Nor am I pleased with this attempt of mine to draw the features of our wonderful fairy friend. However I may sharpen the pencil, the line it makes is still too heavy. I feel that these anecdotes seem to belie her exquisite refinement, the rapidity and delicacy of her mental movement. To tell them is like stroking the wings of a moth. Above all, it is a matter of despair to attempt to define her emotional nature. Lady Dorothy Nevill was possessed neither of gravity nor of pathos; she was totally devoid of sentimentality. This made it easy for a superficial observer to refuse to believe that the author of so many pungent observations and such apparently volatile cynicism had a heart. When this was once questioned in company, one who knew her well replied: "Ah! yes, she has a heart, and it is like a grain of mustard-seed!" But her kindliness was shown, with great fidelity, to those whom she really honoured with her favour. I do not know whether it would be strictly correct to say that she had the genius of friendship, because that supposes a certain initiative and action which were foreign to Lady Dorothy's habits. But she possessed, to a high degree, the genius of comradeship. She held the reins very tightly, and she let no one escape whom she wished to retain. She took immense pains to preserve her friendships, and indeed became, dear creature, a little bit tyrannical at last. Her notes grew to be excessively emphatic. She would begin a letter quite cheerfully with "Oh, you demon!" or complain of "total and terrible neglect of an old friend; I could fill this sheet of paper with an account of your misdeeds!" She was ingenious in reproach: "I cannot afford to waste penny after penny, and no assets forthcoming," or "I have only two correspondents, and one of them is a traitor; I therefore cease to write to you for ever!" This might sound formidable, but it was only one of the constant surprises of her humour, and would be followed next day by the most placable of notelets.

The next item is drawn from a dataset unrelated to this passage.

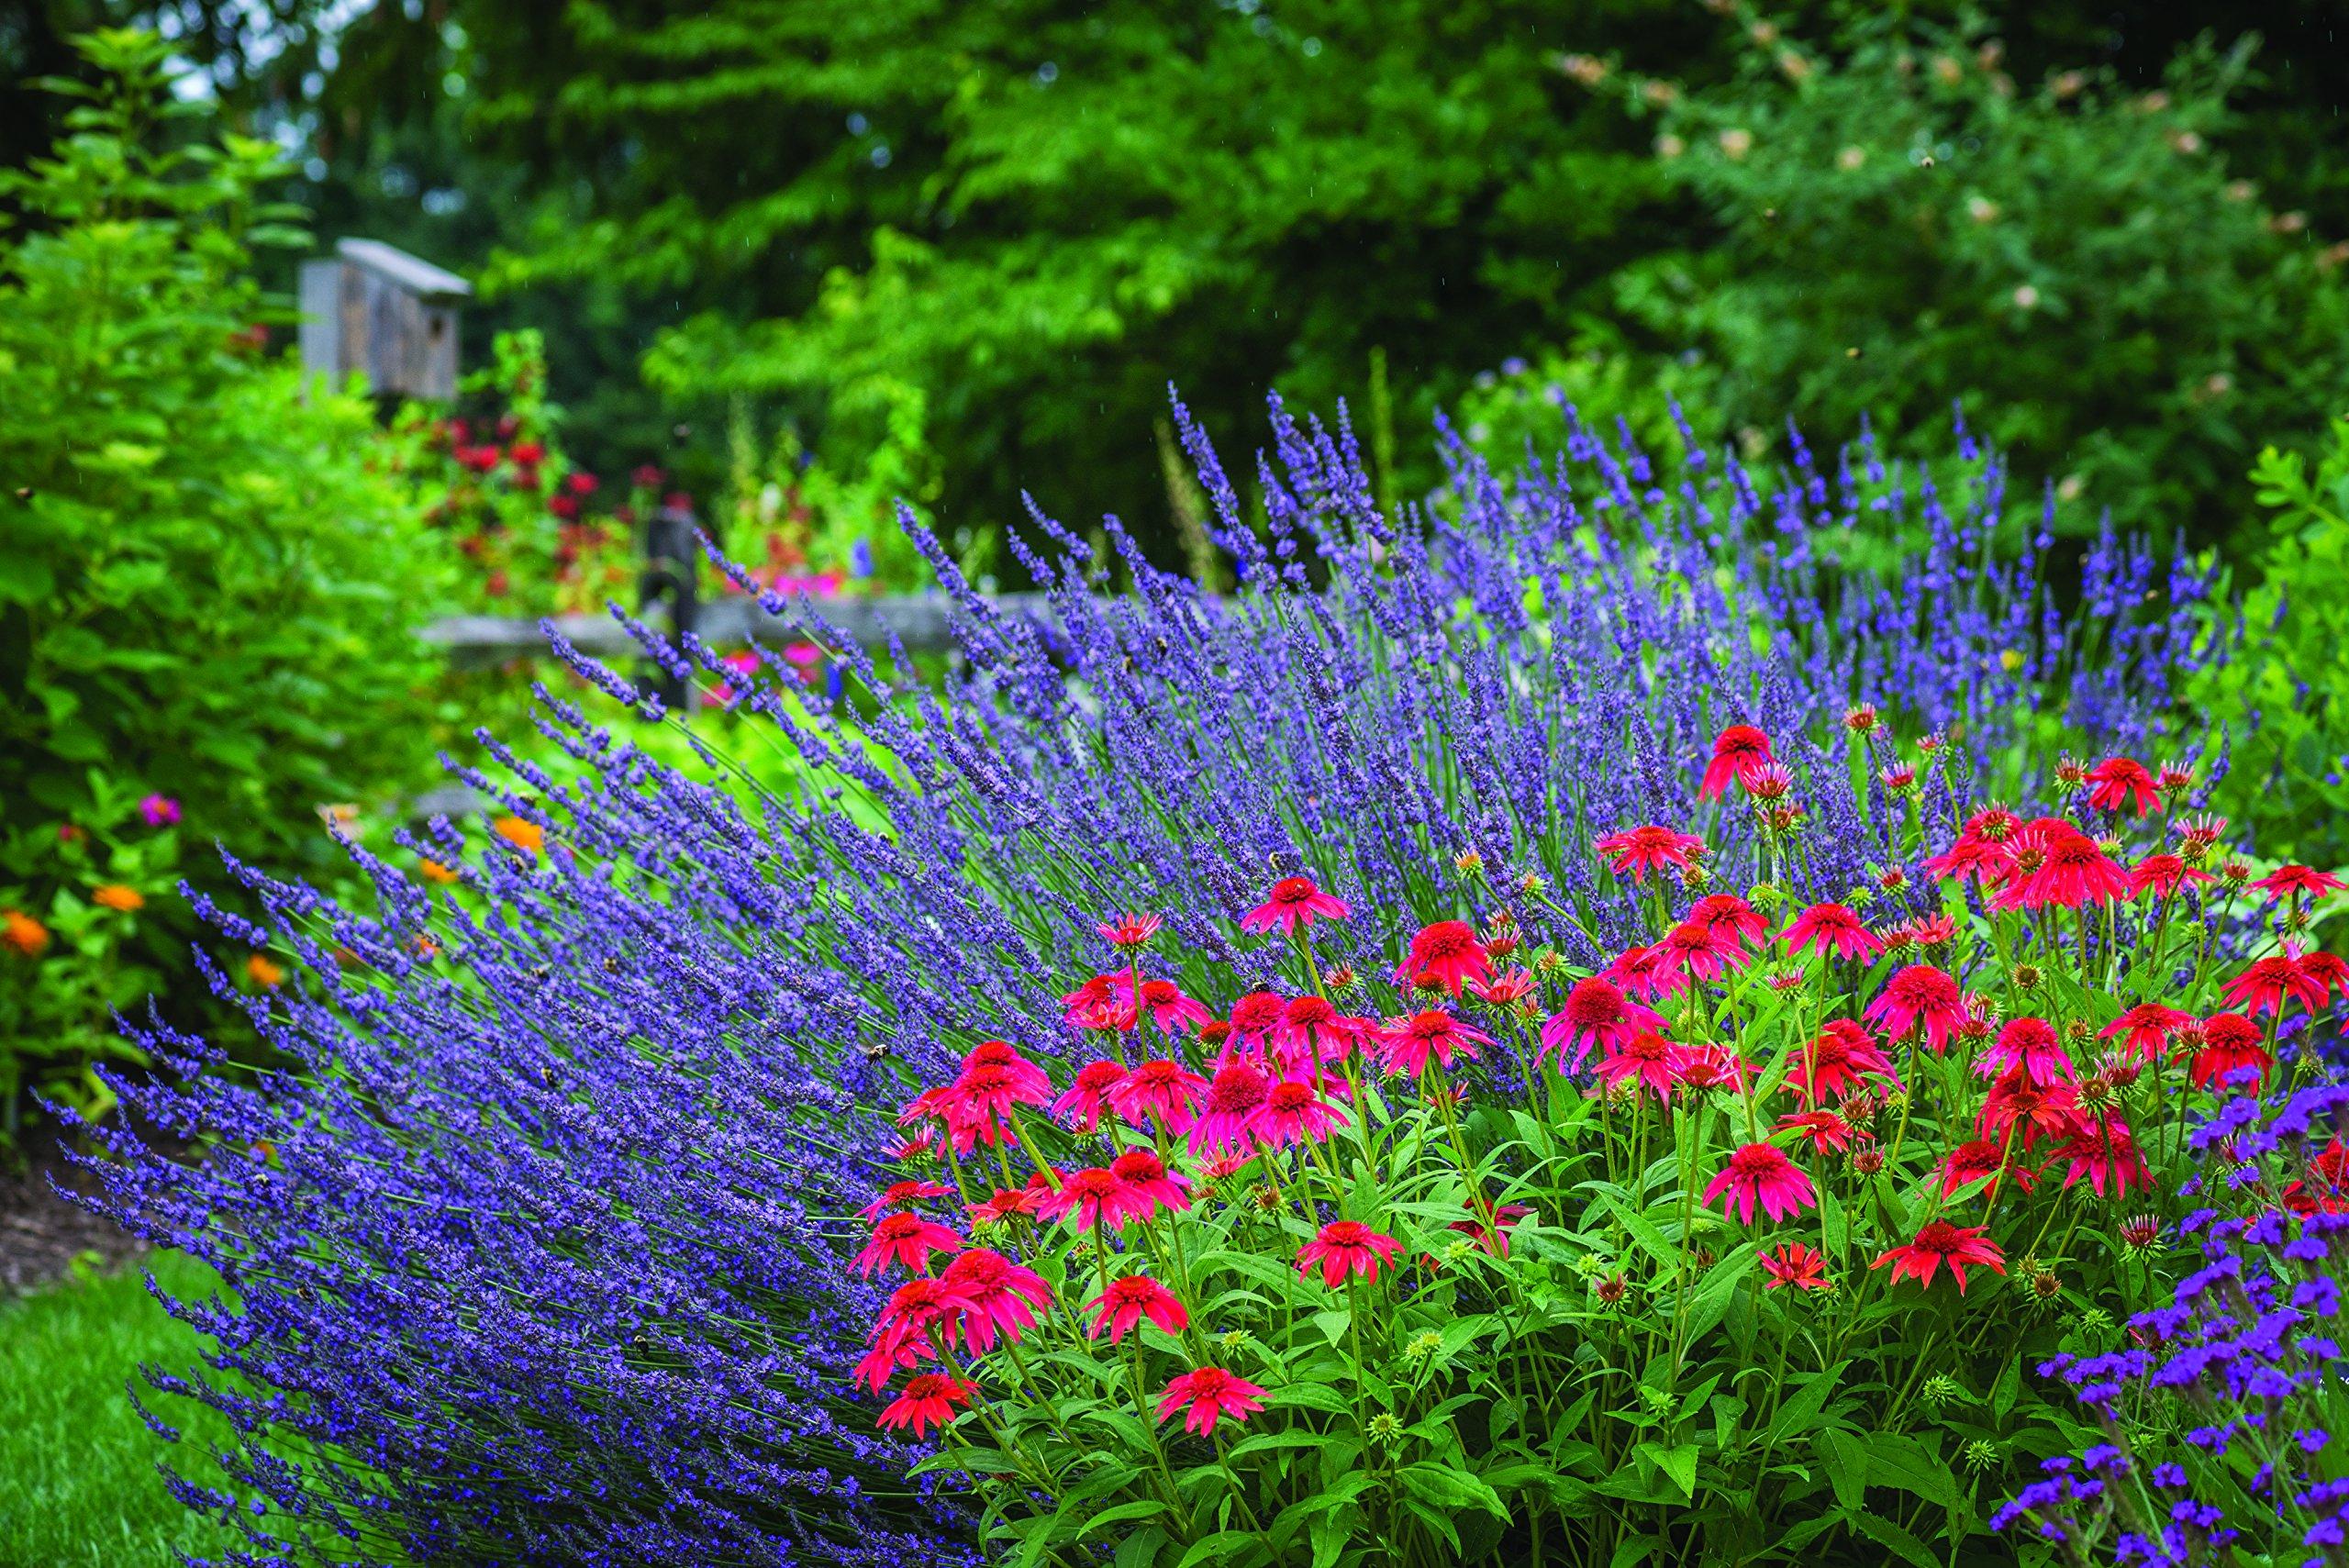 Burpee Perennial Lavender 'Phenomenal', 4'' pots, 4 plants, Fragrant, Evergreen, Pollinator Friendly

Her curiosity with regard to life spread to her benevolences, which often took somewhat the form of voyages of discovery. Among these her weekly excursion to the London Hospital, in all weathers and in every kind of cheap conveyance, was prominent. I have to confess that I preferred that a visit to her should not be immediately prefaced by one of these adventures among the "pore dear things" at the hospital, because that was sure to mean the recital of some gruesome operation she had heard of, or the details of some almost equally gruesome cure. She enjoyed the whole experience in a way which is blank to the professional humanitarian, but I suspect the "pore dear things" appreciated her listening smile and sympathetic worldliness much more than they would have done the admonitions of a more conscious philanthropist.

And, indeed, in retrospect, it is her kindliness that shines forth. She followed all that her friends did, everything that happened to those who were close to them. She liked always to receive the tribute of what she called my "literary efforts," and was ruthlessly sharp in observing announcements of them: "Publishing again, and of course no copy for poor old me," when not a volume had yet left the binders. She took up absurd little phrases with delightful camaraderie; I have forgotten why at one time she took to signing herself "Your Koh-i-Noor," and wrote: "If I can hope to be the Koh-i-Noor of Mrs. Gosse's party, I shall be sure to come on Monday." One might go on indefinitely reviving these memories of her random humour and kindly whimsicality. But I close on a word of tenderer gravity, which I am sure will affect you. She had been a little tyrannical, as usual, and perhaps thought the tone of her persiflage rather excessive; a few hours later came a second note, which began: "You have made my life happier for me these last years—you, and Lady Airlie, and dearest Winifred." From her who never gave way to sentimentality in any form, and who prided herself on being as rigid as a nut-cracker, this was worth all the protestations of some more ebullient being. And there, dear Lady Burghclere, I must leave this poor sketch for such approval as you can bring yourself to give it.